Captain Fitzchrome.-Me, sir! oh, to be sure, sir.

The Rev. Dr. Folliott.-Pray, sir, will political economy uphold the Athenian theatre?

Mr. Mac Quedy.-Surely not. It would be a very unproductive investment.

The Rev. Dr. Folliott.-Then the Captain votes against you. What, sir, did not the Athenians, the wisest of nations, appropriate to their theatre their most sacred and intangible fund? Did not they give to melopoeia, choregraphy, and the sundry forms of didascalics, the precedence of all other matters, civil and military? Was it not their law, that even the proposal to divert this fund to any other purpose should be punished with death? But, sir, I further propose that the Athenian theatre being resuscitated, the admission shall be free to all who can expound the Greek choruses, constructively, mythologically, and metrically, and to none others. So shall all the world learn Greek: Greek, the Alpha and Omega of all knowledge. At him who sits not in the theatre shall be pointed the finger of scorn: he shall be called in the highway of the city, "a fellow without Greek."

Mr. Trillo.-But the ladies, sir, the ladies.

The Rev. Dr. Folliott.-Every man may take in a lady: and she who can construe and metricise a chorus, shall, if she so please, pass in by herself.

Mr. Trillo.-But, sir, you will shut me out of my own theatre. Let there at least be a double passport, Greek and Italian.

The Rev.
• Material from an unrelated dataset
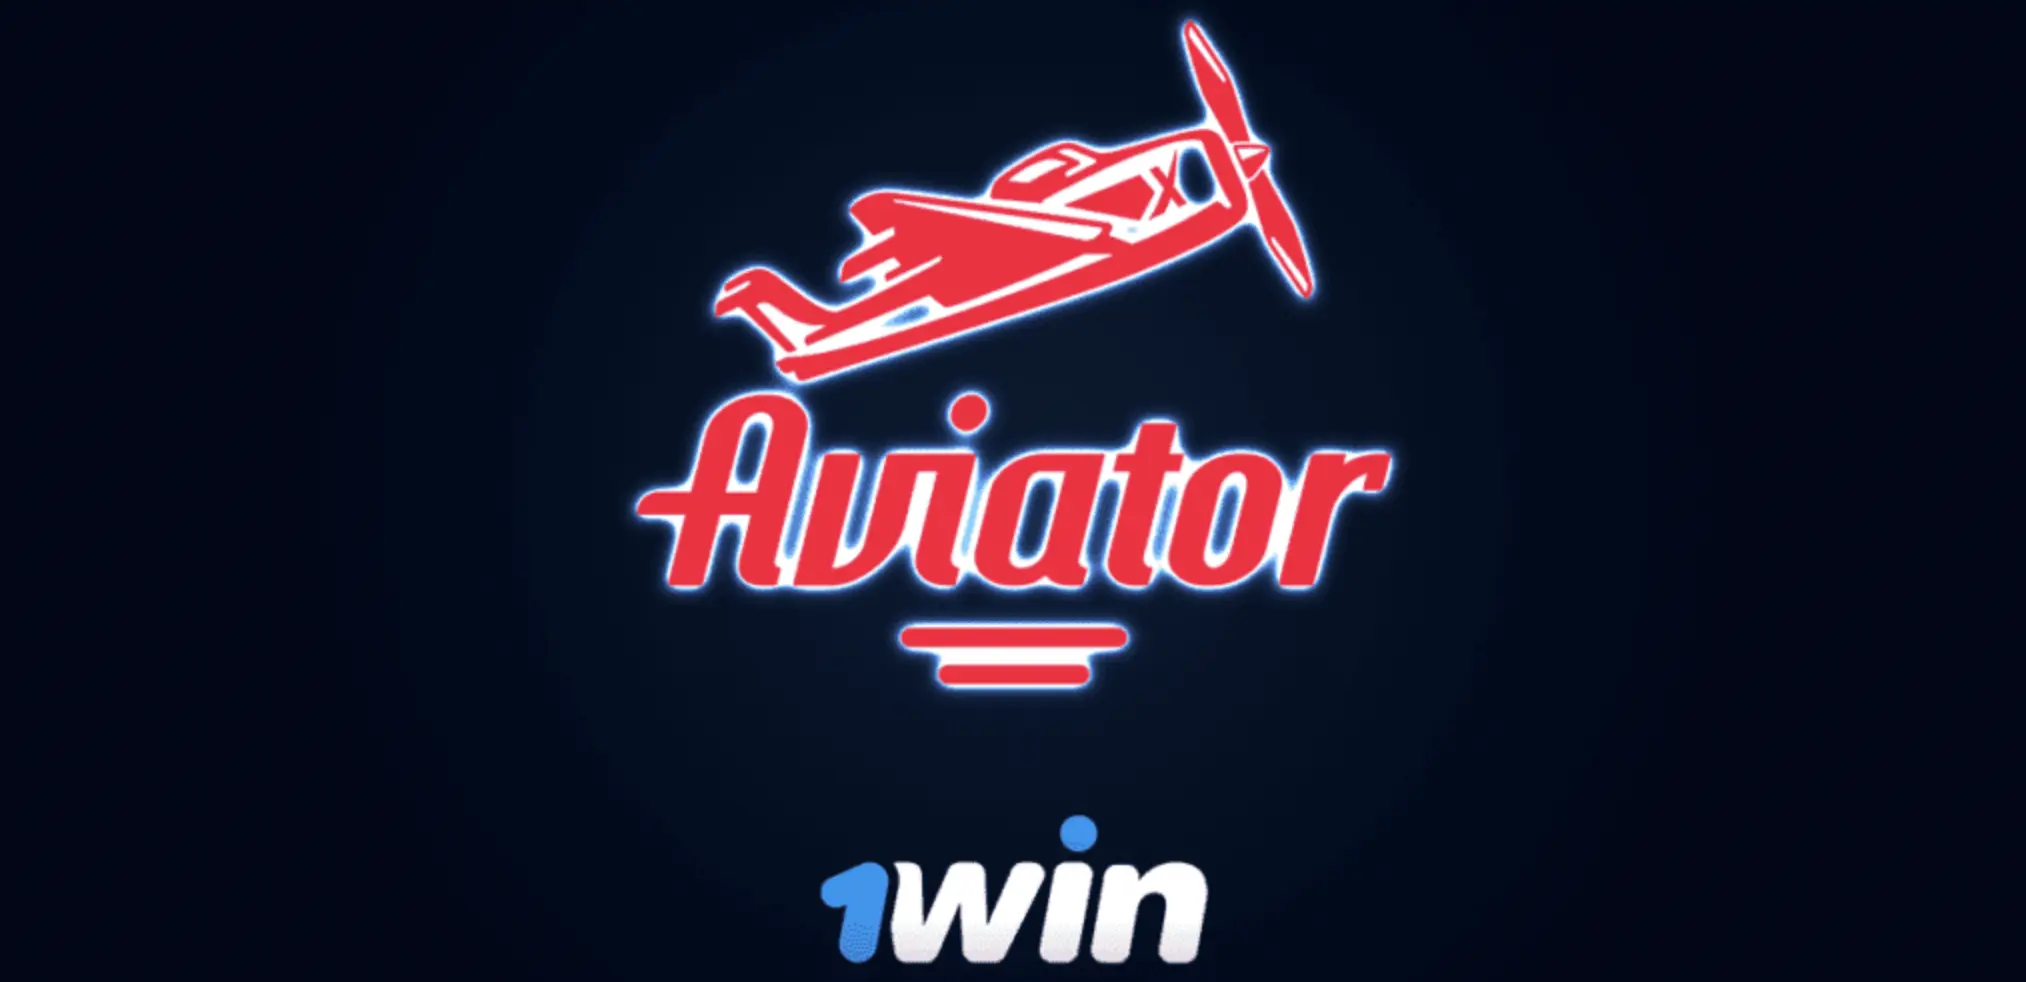 Авиатор игра 1вин aviator games. Aviator слот. Авиатор игра в казино. Игра Авиатор 1win. Авиатор казино логотип.

Dr. Folliott.-No, sir; I am inexorable. No Greek, no theatre.

Mr. Trillo.-Sir, I cannot consent to be shut out from my own theatre.

The Rev. Dr. Folliott.-You see how it is, Squire Crotchet the younger; you can scarcely find two to agree on a scheme, and no two of those can agree on the details. Keep your money in your pocket. And so ends the fund for regenerating the world.

Mr. Mac Quedy.-Nay, by no means. We are all agreed on deliberative dinners.

The Rev. Dr. Folliott.-Very true; we will dine and discuss. We will sing with Robin Hood, "If I drink water while this doth last;" and while it lasts we will have no adjournment, if not to the Athenian theatre.

Mr. Trillo.-Well, gentlemen, I hope this chorus at least will please you:-

If I drink water while this doth last,

May I never again drink wine:

For how can a man, in his life of a span,

Do anything better than dine?

We'll dine and drink, and say if we think

That anything better can be,

And when we have dined, wish all mankind

May dine as well as we.

And though a good wish will fill no dish

And brim no cup with sack,

Yet thoughts will spring as the glasses ring,

To illume our studious track.

On the brilliant dreams of our hopeful schemes

The light of the flask shall shine;

And we'll sit till day, but we'll find the way

To drench the world with wine.

The schemes for the world's regeneration evaporated in a tumult of voices.